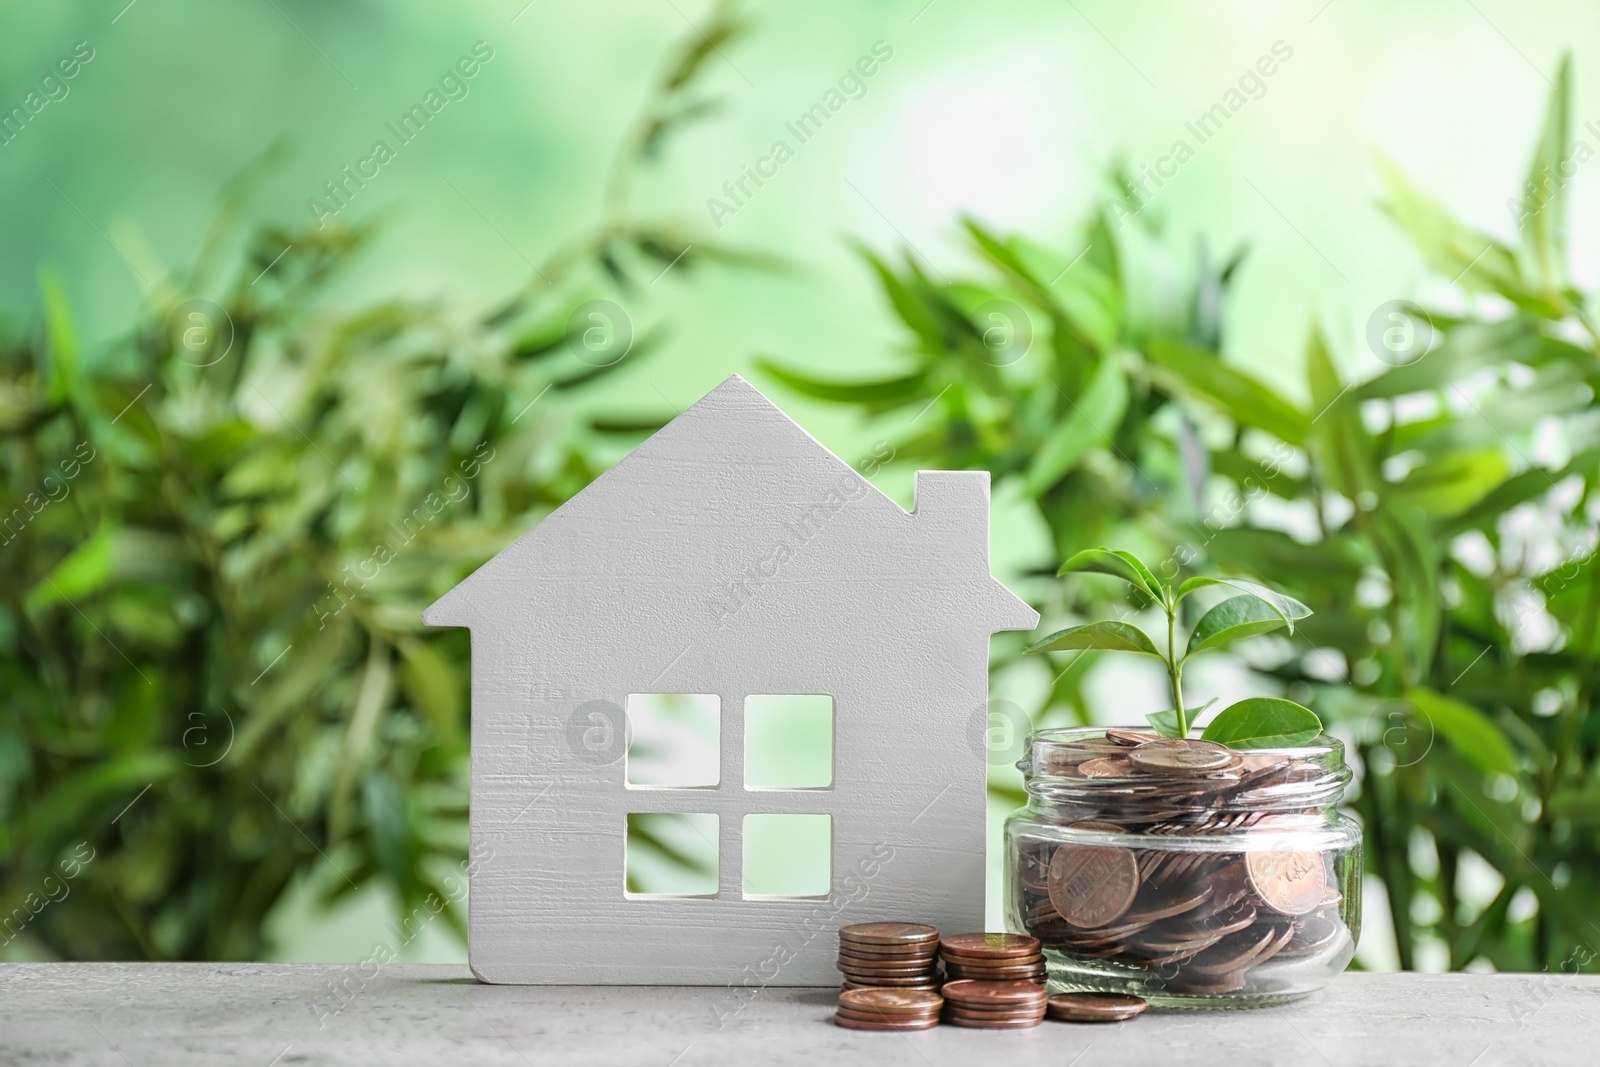 Photo of House model and jar with coins on table against blurred background. Space for text
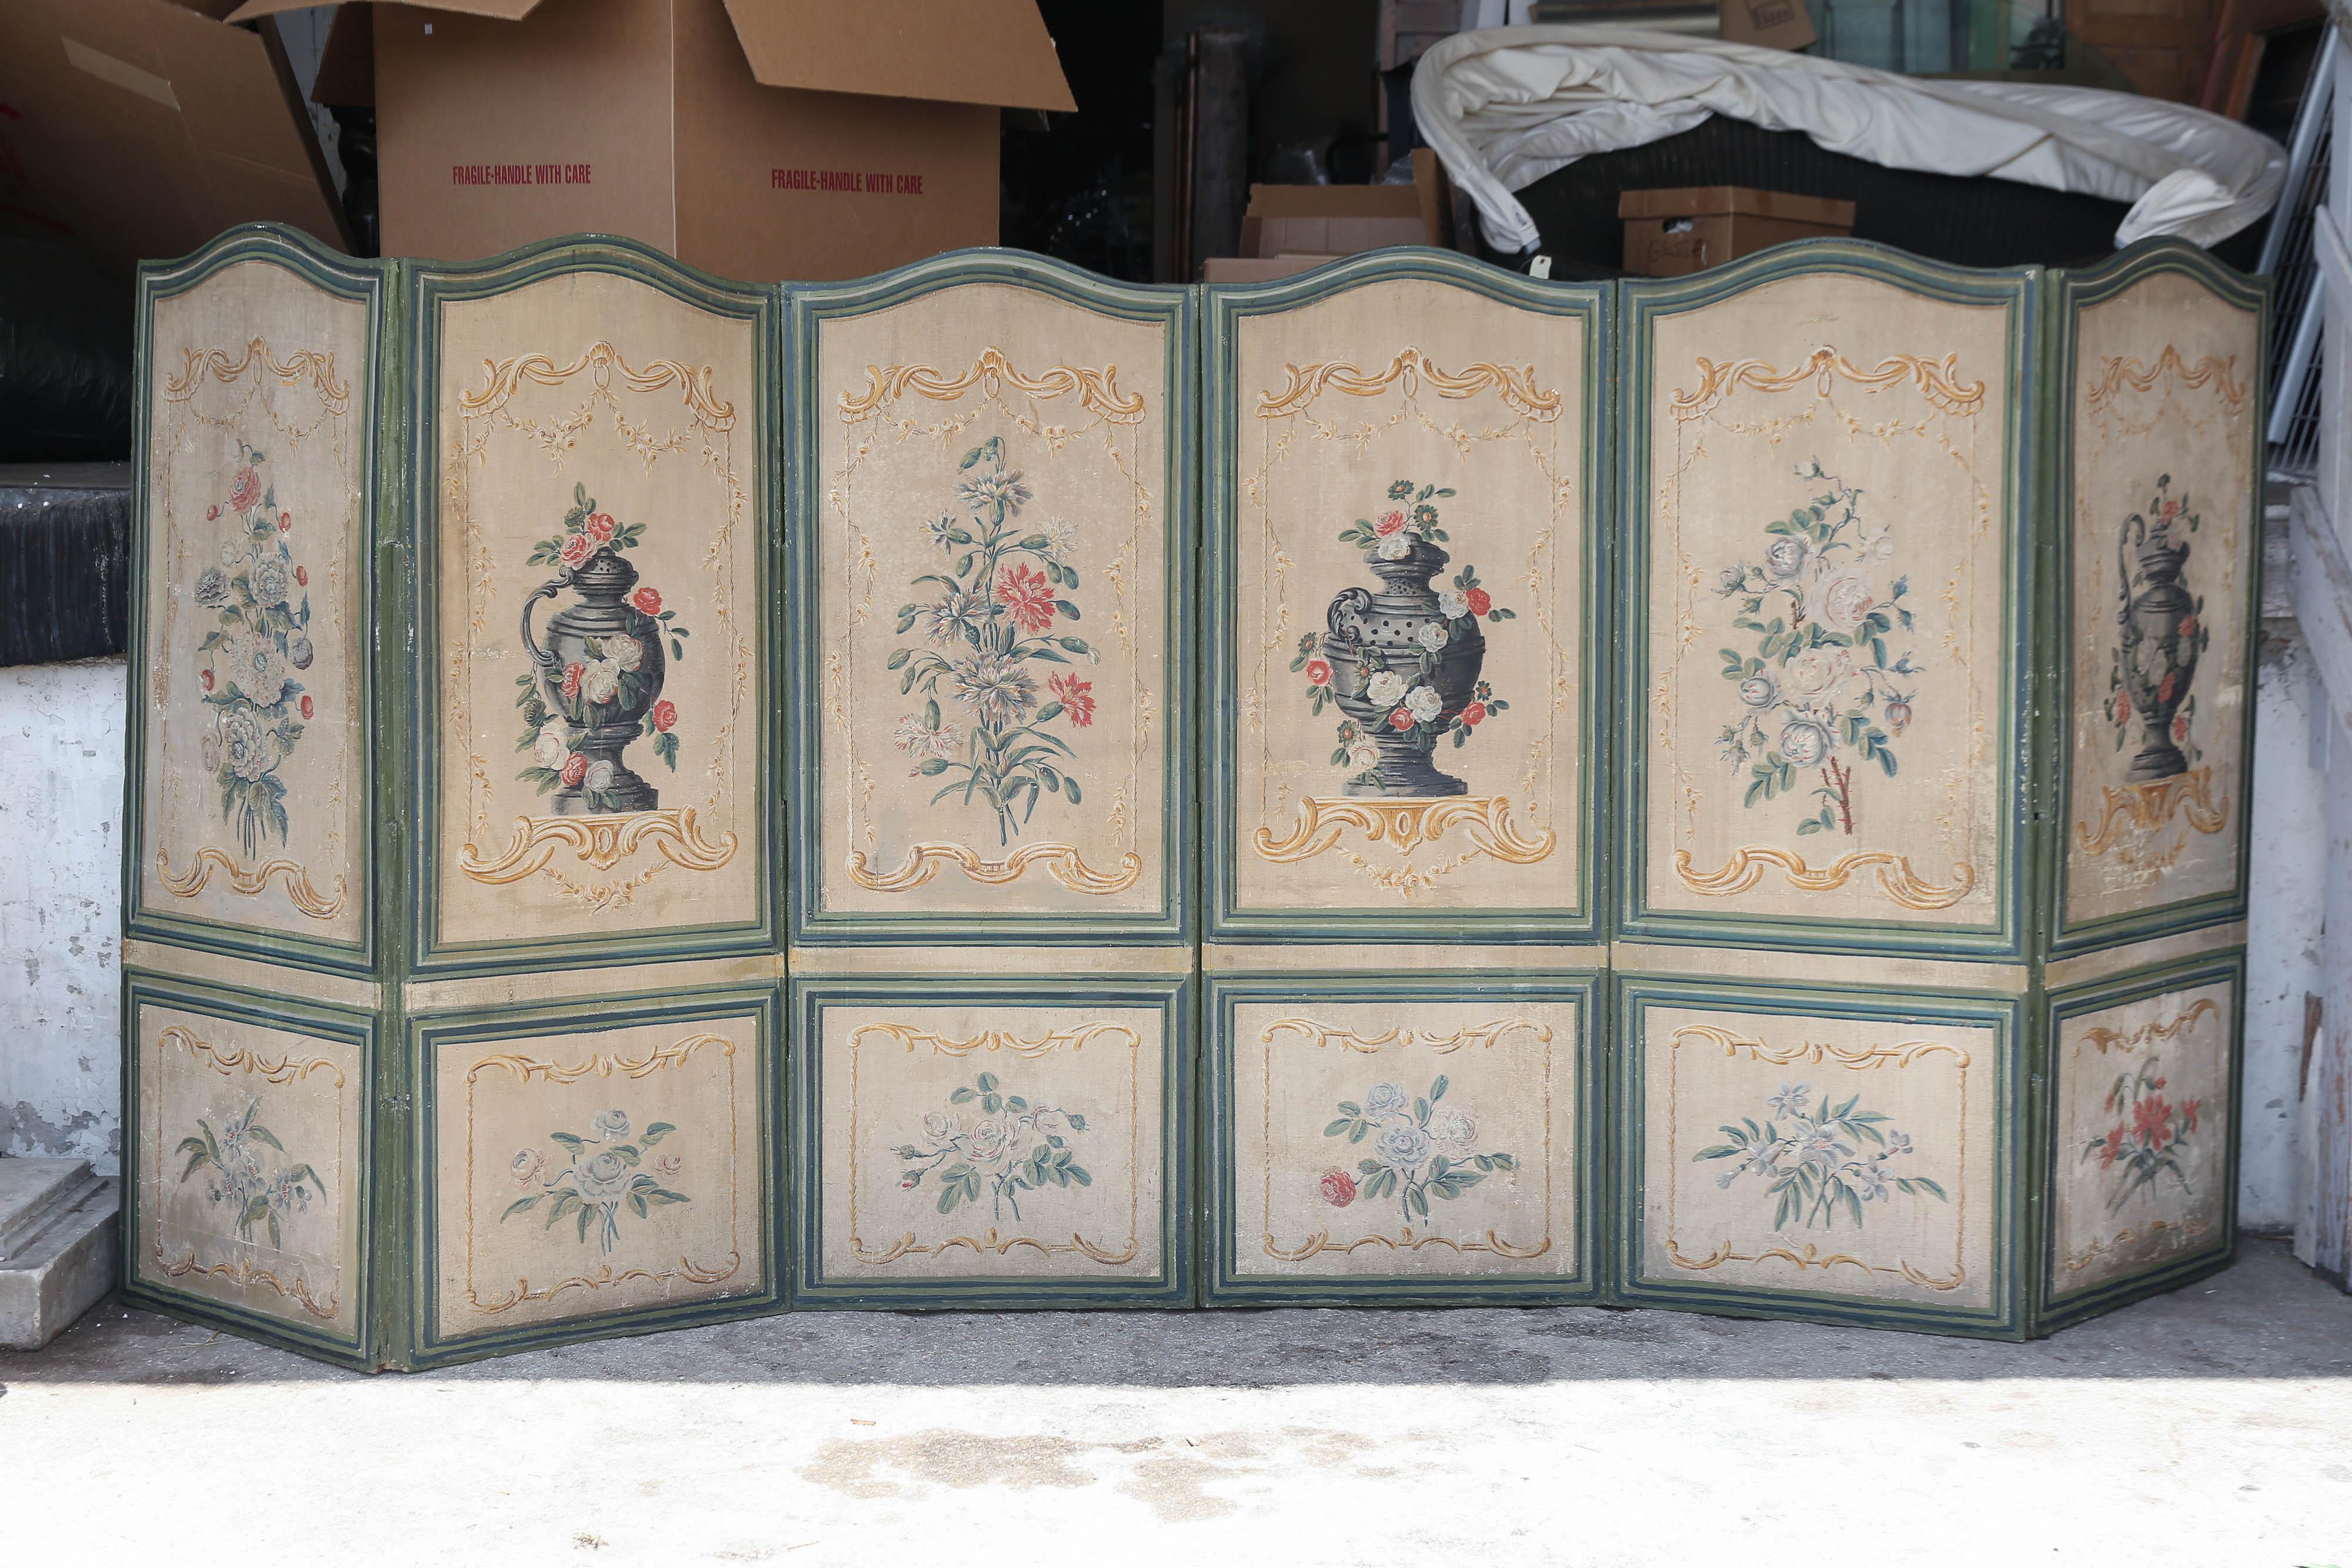 French 19th century painted canvas screen features alternating vase and floral decorations in a very pale palette.

Each panel is framed and painted a blue-green.

Back of screen is painted in monochromatic tones of blue.

■ **ACTIVITY**
Across the whole listing, how many lines contain the string "blue"? Give the number and no more.

■ **SOLVED EXERCISE**
2